Fortification proactive : construire une posture de cybersécurité résiliente
Bien qu'il soit essentiel de comprendre les obligations de signalement des violations, l'objectif ultime de la cybersécurité devrait être de prévenir les violations. Une approche proactive et multicouche est primordiale. Cela comprend :
Contrôles de sécurité robustes : mise en œuvre et mise à jour régulière de mesures de protection techniques telles que des pare-feu, des systèmes de détection/prévention des intrusions, des logiciels anti-malware et un cryptage (en transit et au repos).
Gestion des accès : Appliquer le principe du moindre privilège pour garantir que les employés n'ont accès qu'aux données et aux systèmes nécessaires à leur rôle. L'authentification multifacteur (AMF) doit être standardisée sur tous les points d'accès.
Formation et sensibilisation des employés : L’erreur humaine reste un facteur important dans de nombreux cyberincidents. Une formation régulière sur la reconnaissance des tentatives d’hameçonnage, l’adoption de bonnes habitudes de navigation et la compréhension des politiques de traitement des données est essentielle pour instaurer une culture de sécurité.
Gestion des vulnérabilités : analyser régulièrement les systèmes à la recherche de vulnérabilités et les corriger rapidement est essentiel pour empêcher leur exploitation par des attaquants.
Planification de la réponse aux incidents : Il est essentiel de disposer d'un plan de réponse aux incidents bien documenté et éprouvé. Ce plan doit décrire les mesures à prendre en cas d'incident cybernétique, notamment le confinement, l'éradication, la reprise d'activité et l'analyse post-incident. Il doit également intégrer les procédures d'évaluation des risques, de la gestion des risques et de la santé au travail (RRGST) et le respect des obligations de déclaration.

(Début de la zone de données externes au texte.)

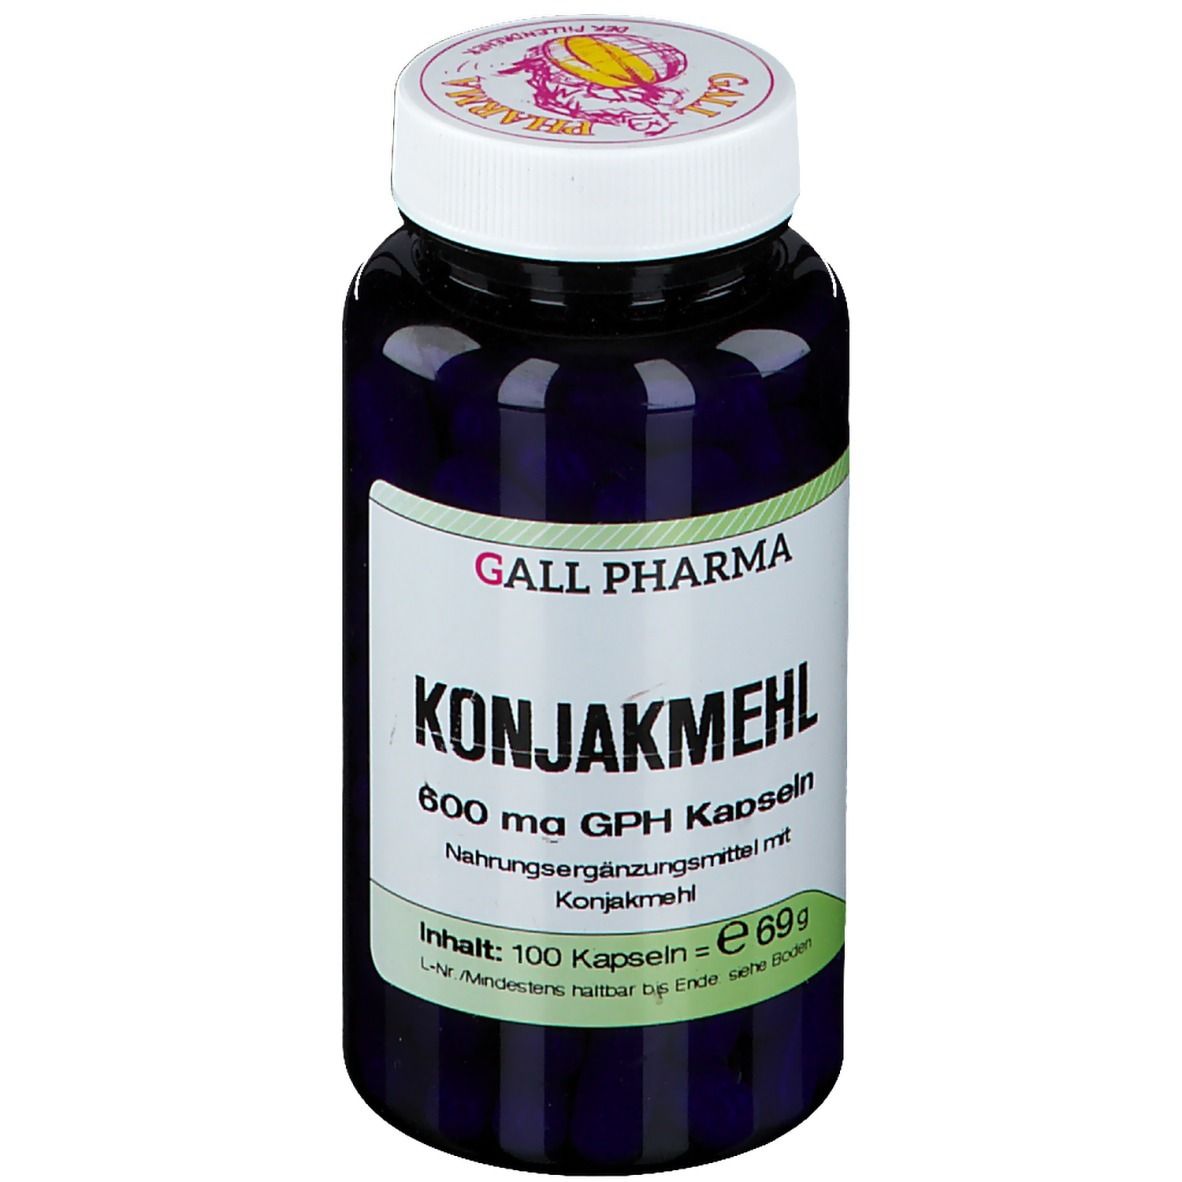 Image of Hecht Konjakmehl 600 mg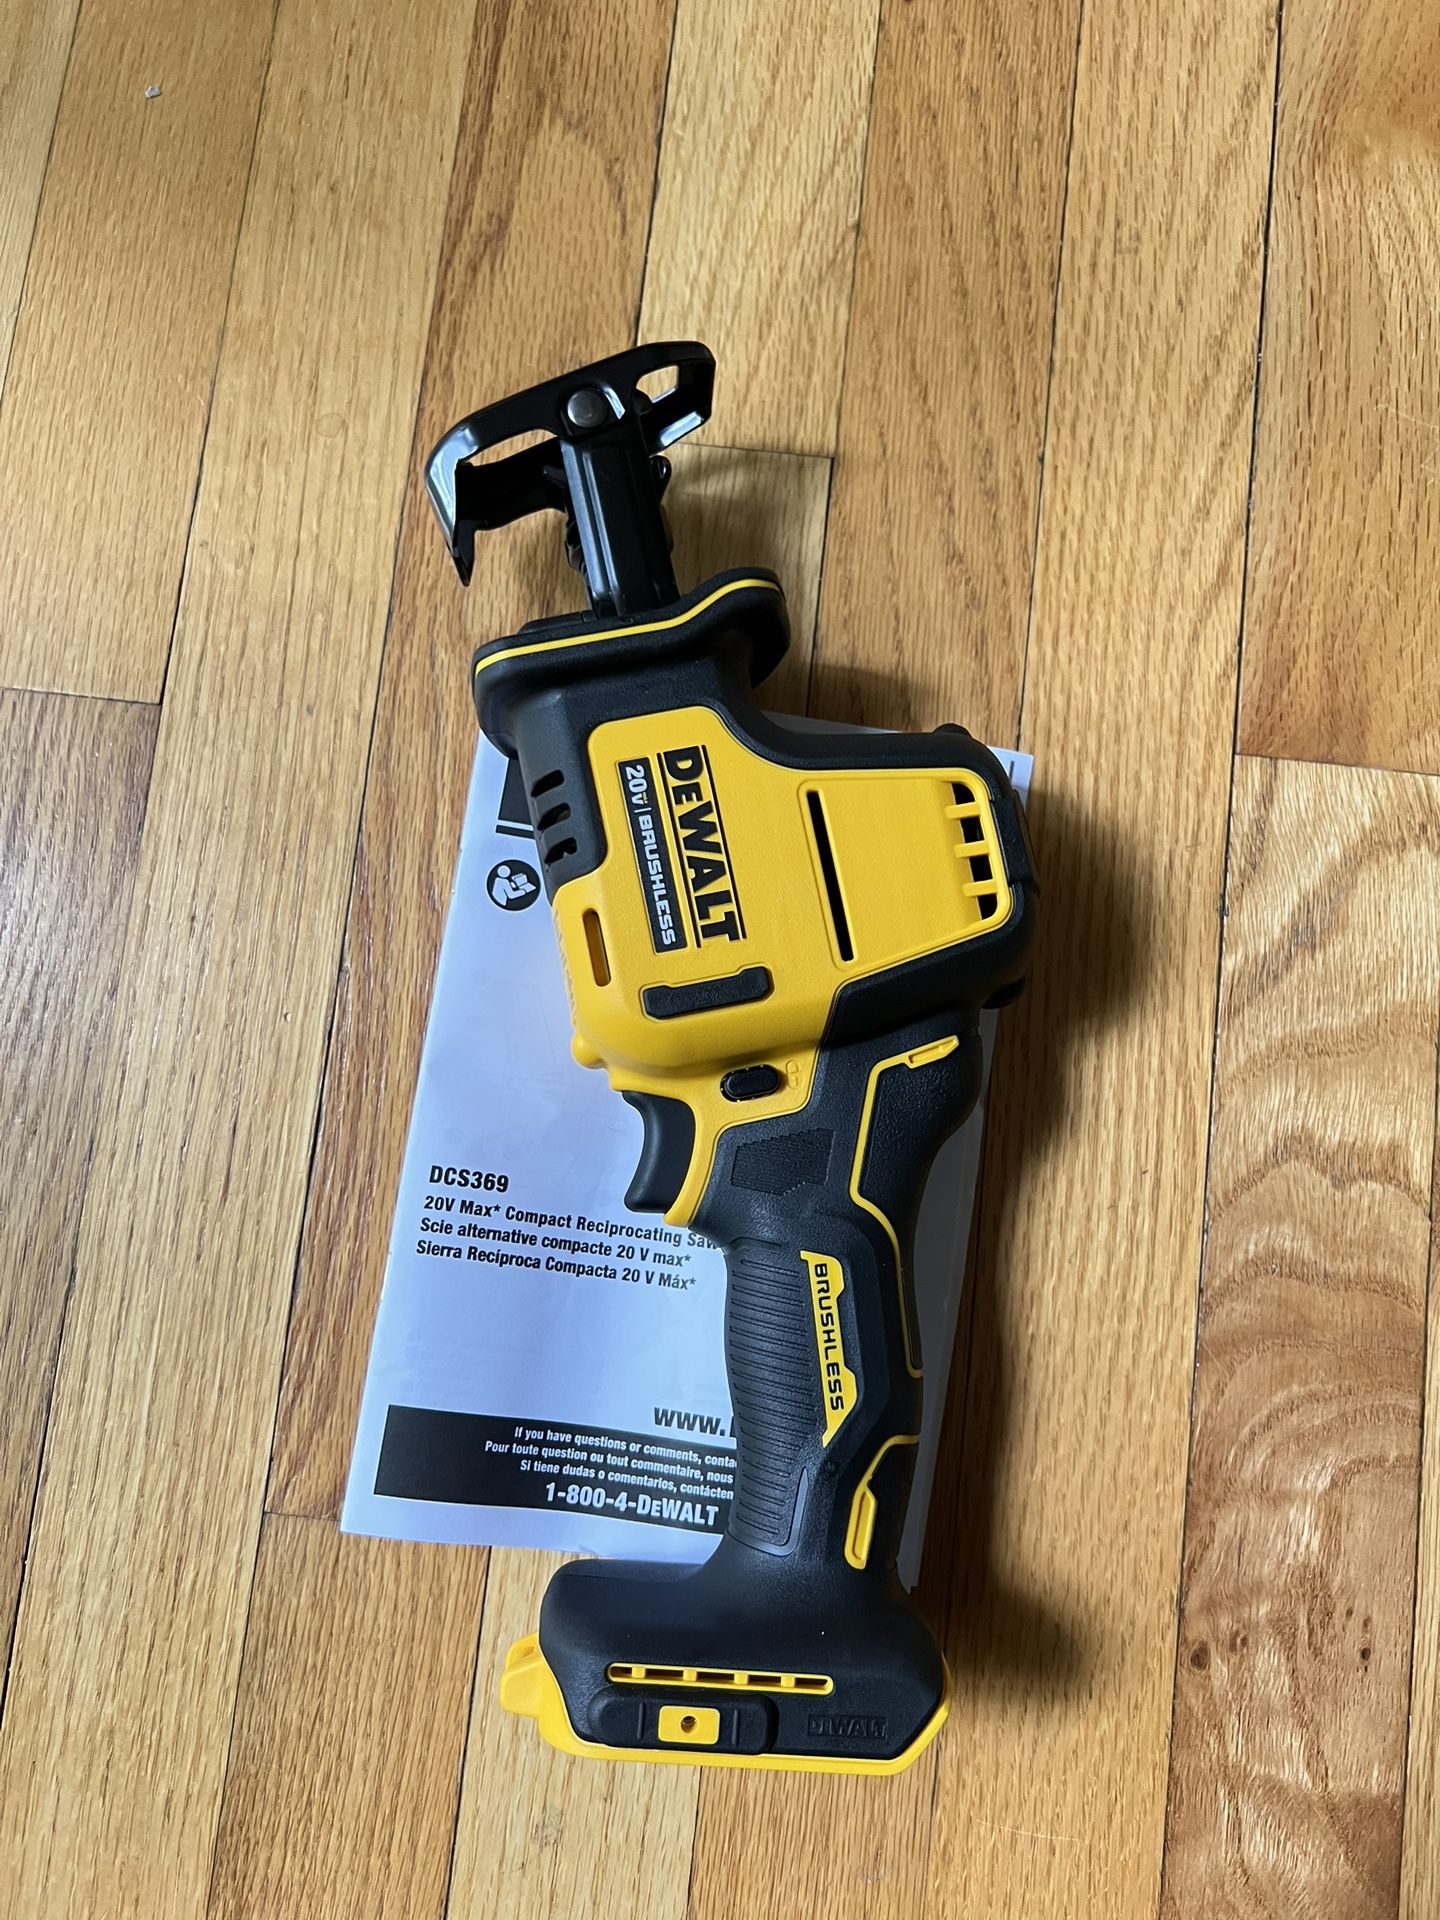 Dewalt 20V Brushless One-hand hackzall Reciprocating Saw (Tool Only)

Gouvernance et minimisation des données : comprendre où se trouvent les données sensibles, mettre en œuvre des pratiques de minimisation des données (conserver les données uniquement aussi longtemps que nécessaire) et établir des politiques claires de gouvernance des données peuvent réduire considérablement l'impact d'une violation potentielle.
Gestion des risques liés aux tiers : Les compagnies d'assurance travaillent souvent avec des fournisseurs tiers. Il est essentiel d'évaluer leur niveau de sécurité et de s'assurer qu'ils respectent les normes de cybersécurité appropriées.
Assurance cybernétique : Bien qu’il ne s’agisse pas d’une mesure préventive, l’assurance responsabilité civile cybernétique peut fournir une protection financière en cas de violation, couvrant les coûts liés au recouvrement, les frais juridiques et les notifications.
Intégrer la cybersécurité au tissu de l'assurance canadienne
Pour les compagnies d'assurance canadiennes, la cybersécurité n'est pas une option : elle fait partie intégrante de leurs activités. La protection des renseignements sensibles qui leur sont confiés est non seulement une exigence légale et réglementaire, mais aussi un aspect fondamental pour préserver la confiance des clients et assurer la pérennité de leurs activités.
En comprenant et en respectant les obligations canadiennes en matière de déclaration des atteintes à la protection des données, notamment en vertu de la LPRPDE et des lois provinciales pertinentes, comme la PIPA de l'Alberta et la Loi 25 du Québec, et en mettant en œuvre proactivement des mesures de cybersécurité rigoureuses, les compagnies d'assurance canadiennes peuvent bâtir un avenir plus résilient et plus sûr pour elles-mêmes et leurs assurés. Investir dans une cybersécurité rigoureuse, c'est investir dans la confiance, la conformité et la réussite continue du secteur canadien de l'assurance.